(Given records):
====

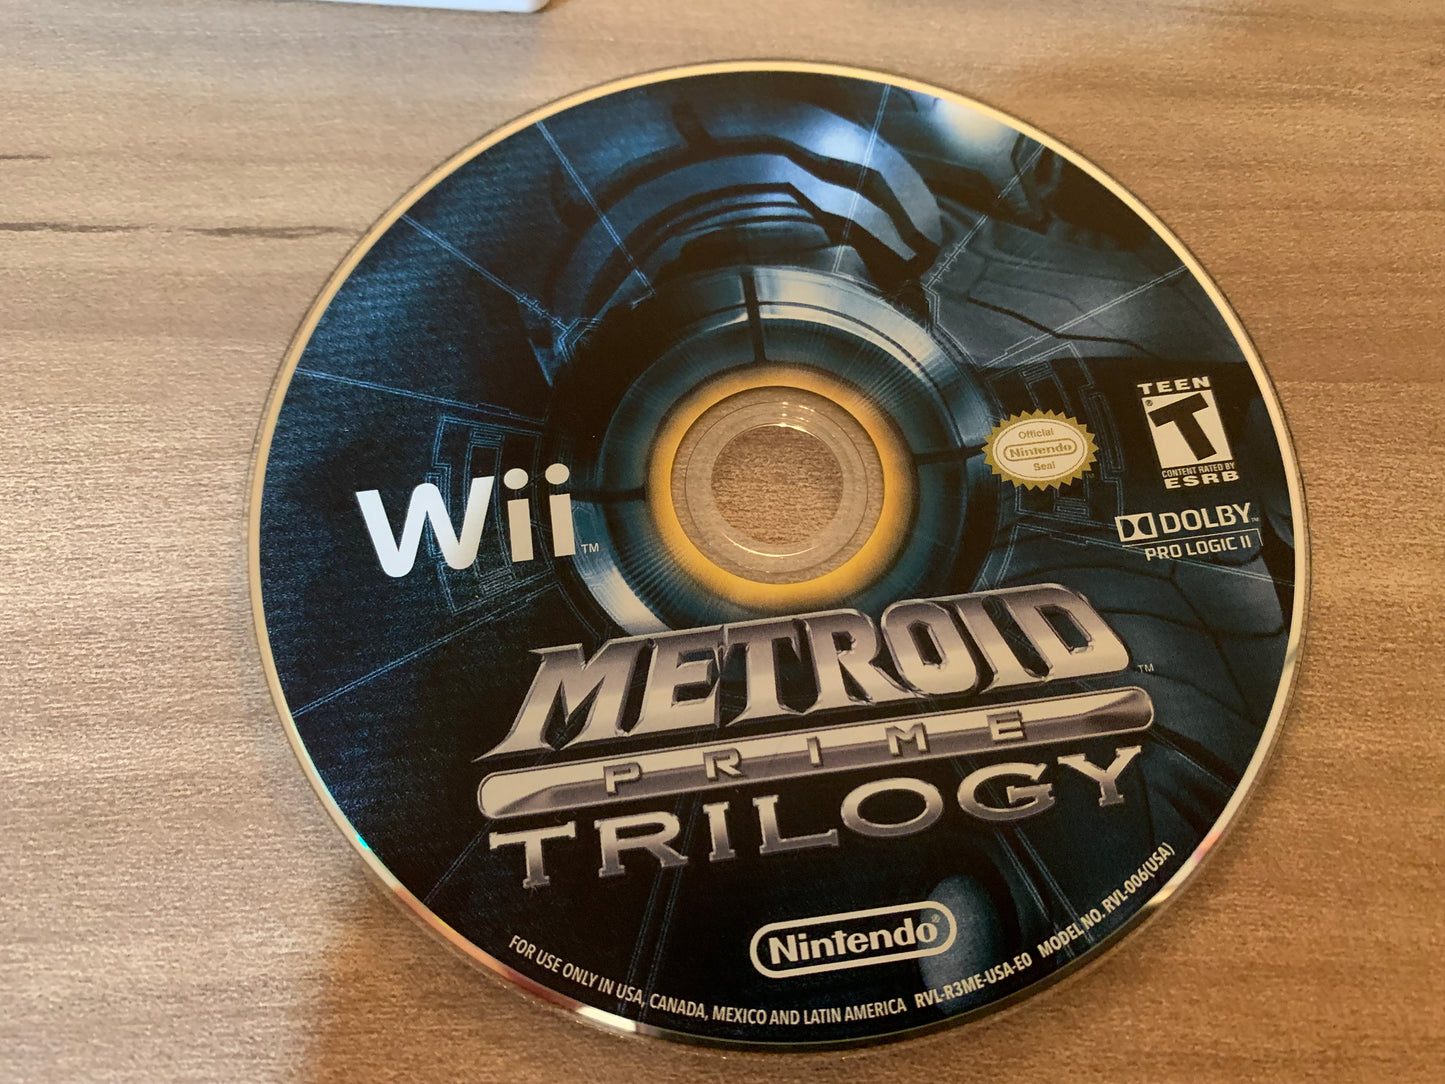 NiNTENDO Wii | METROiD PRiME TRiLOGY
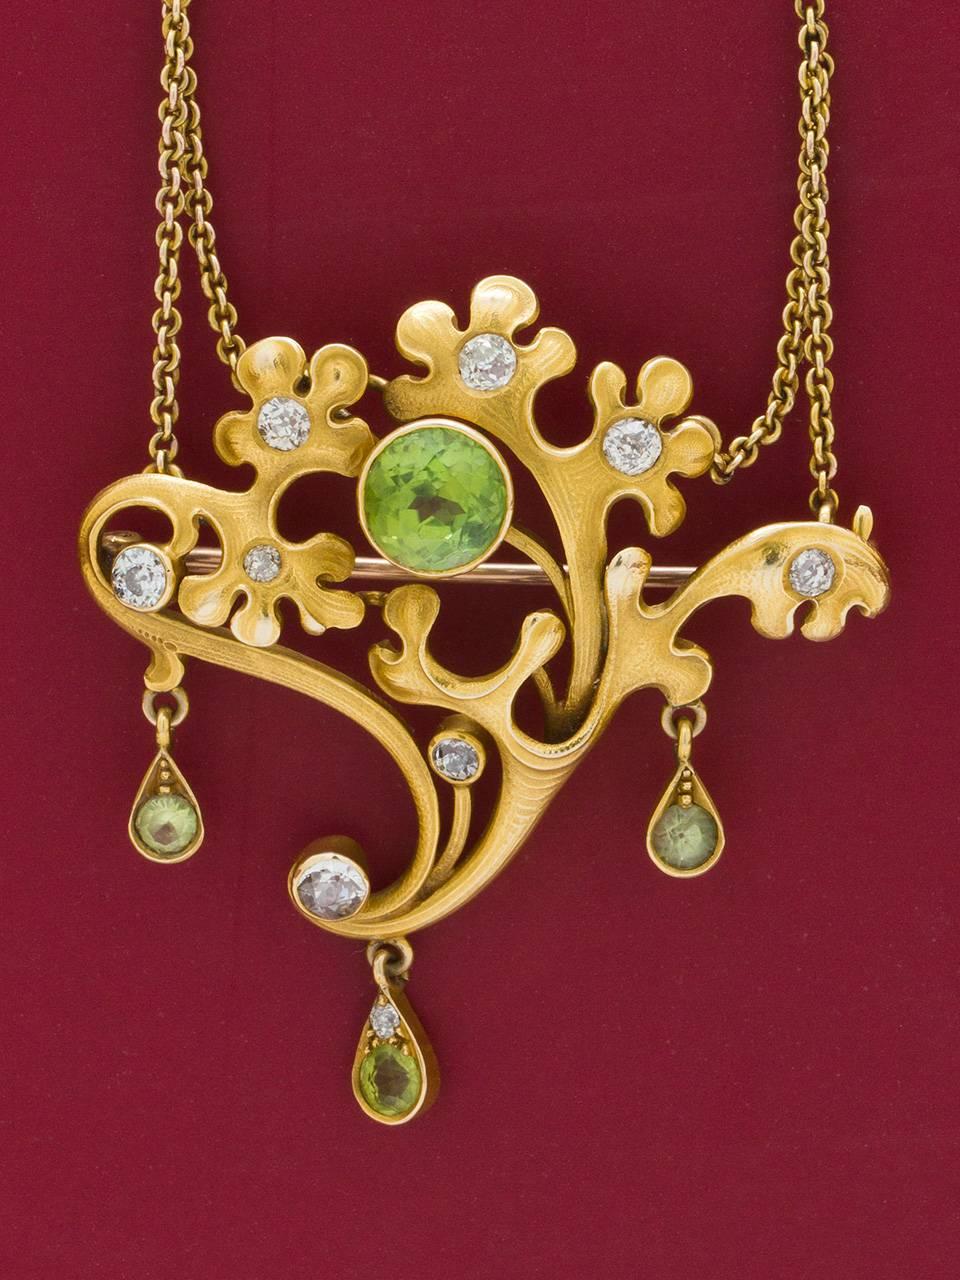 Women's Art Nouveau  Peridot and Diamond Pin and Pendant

====

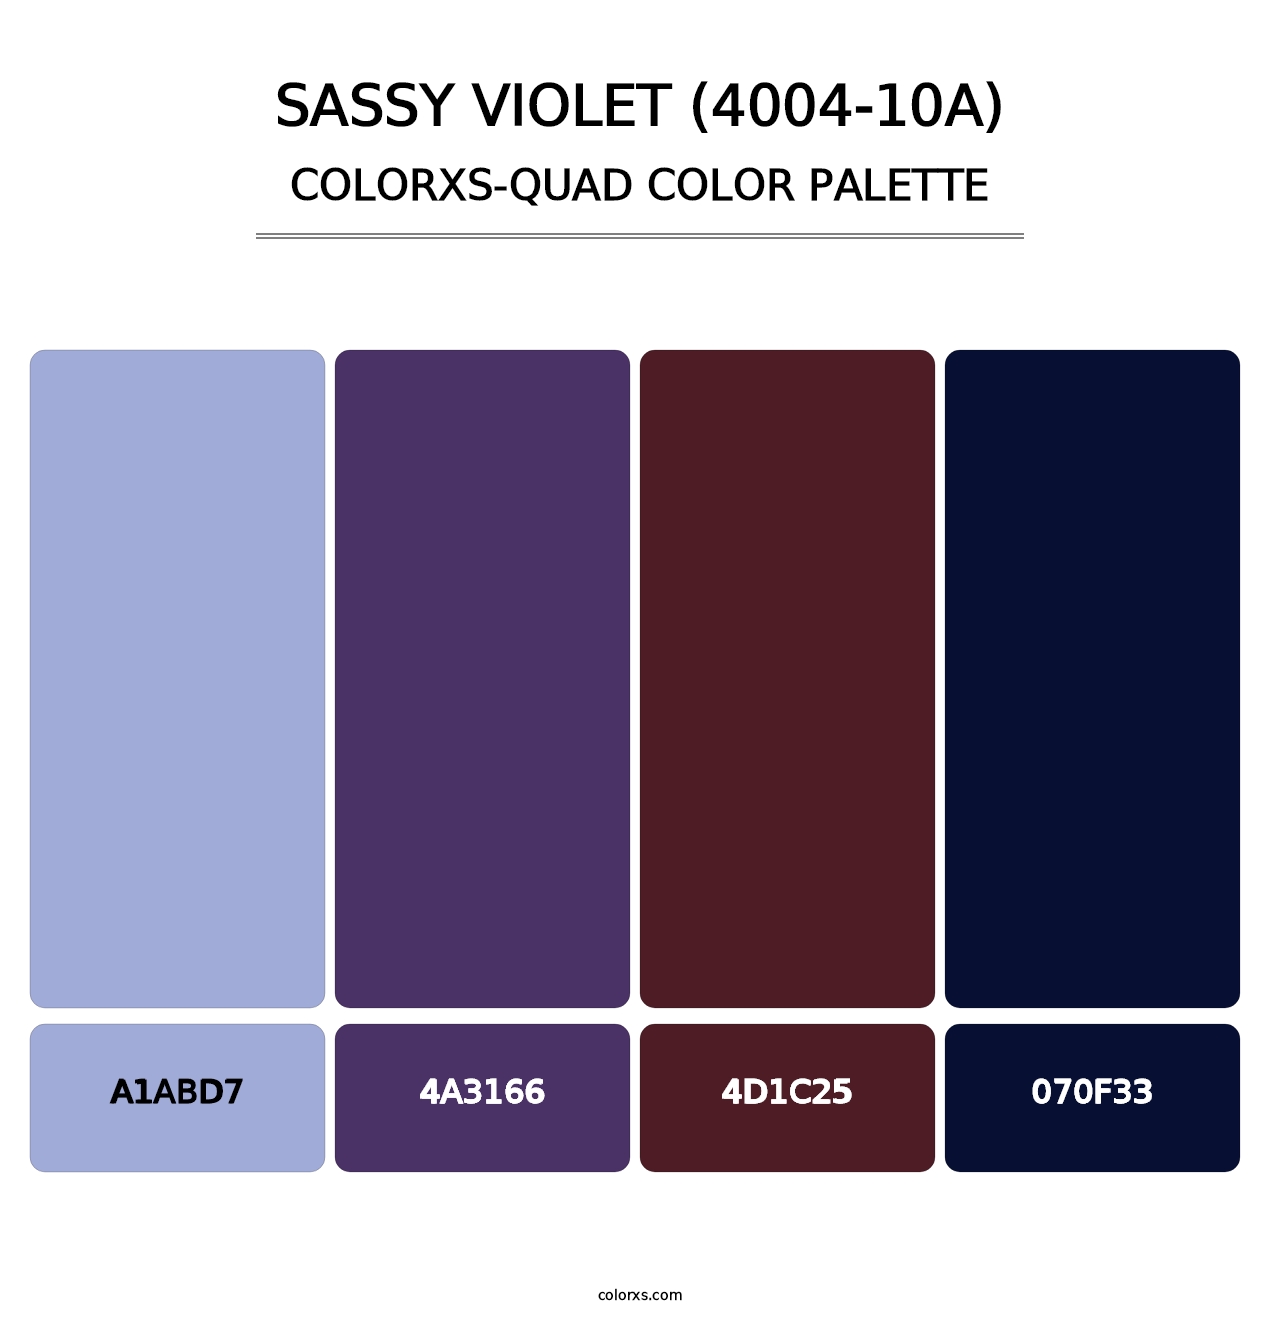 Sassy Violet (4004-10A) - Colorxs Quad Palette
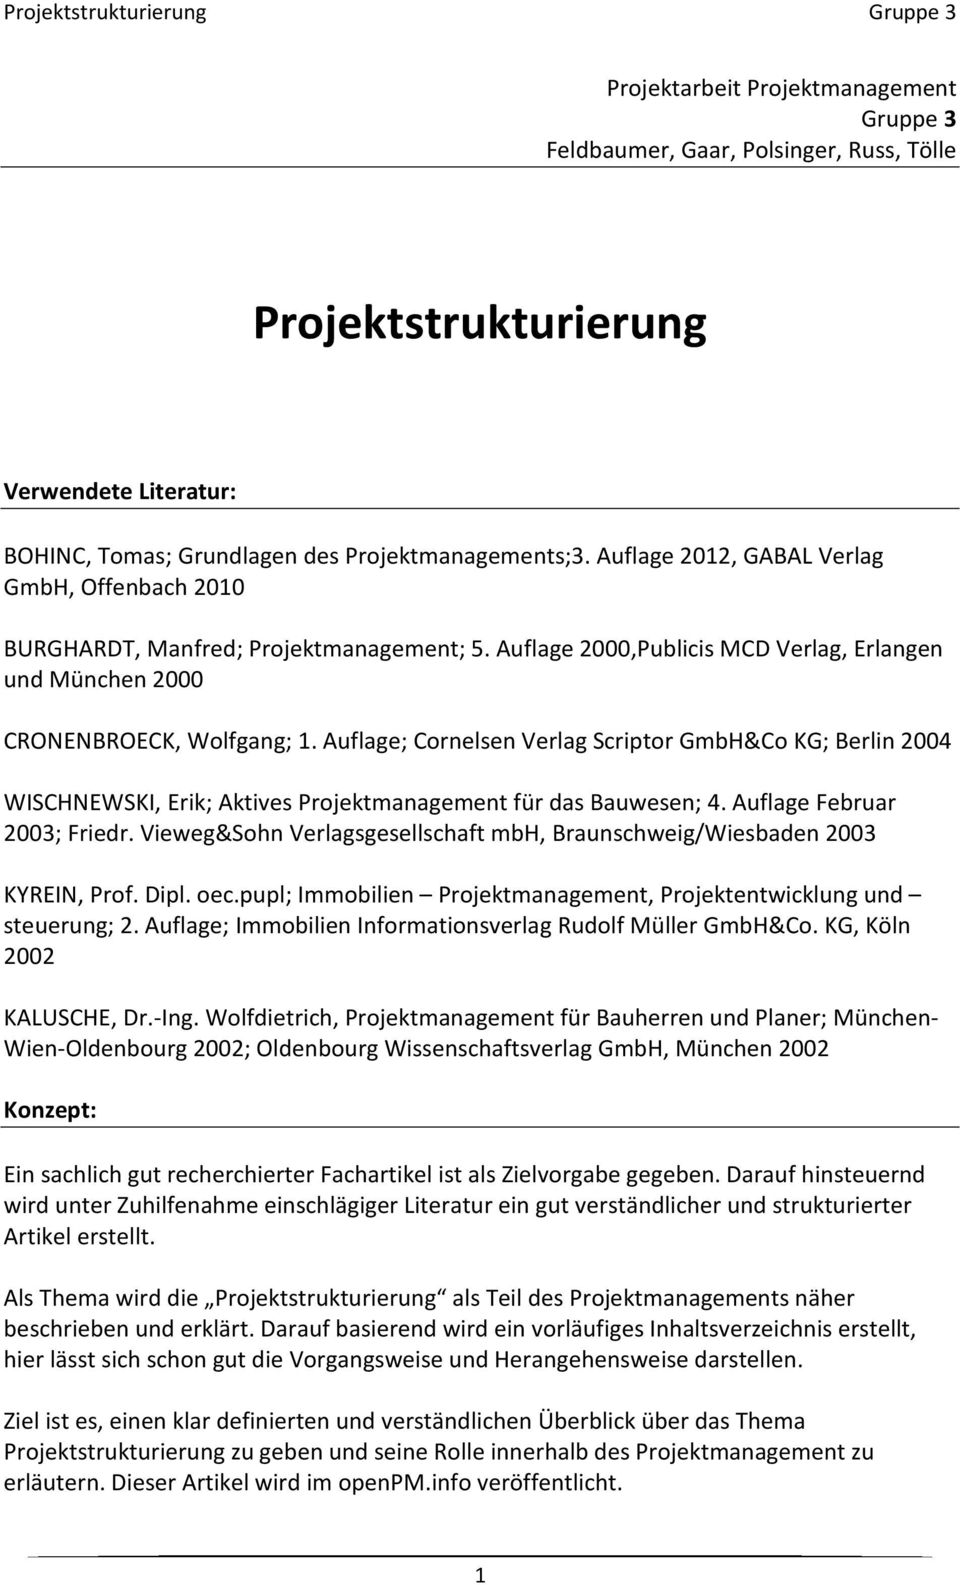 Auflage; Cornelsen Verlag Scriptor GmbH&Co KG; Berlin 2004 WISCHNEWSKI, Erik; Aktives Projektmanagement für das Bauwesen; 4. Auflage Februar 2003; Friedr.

====

(Work request):
From the line containing "NiNTENDO Wii | METROiD PRiME TRiLOGY" through the line containing "Women's Art Nouveau", copy every line above exactly, without pictures.

(Solution for this exercise):
 NiNTENDO Wii | METROiD PRiME TRiLOGY
 Women's Art Nouveau  Peridot and Diamond Pin and Pendant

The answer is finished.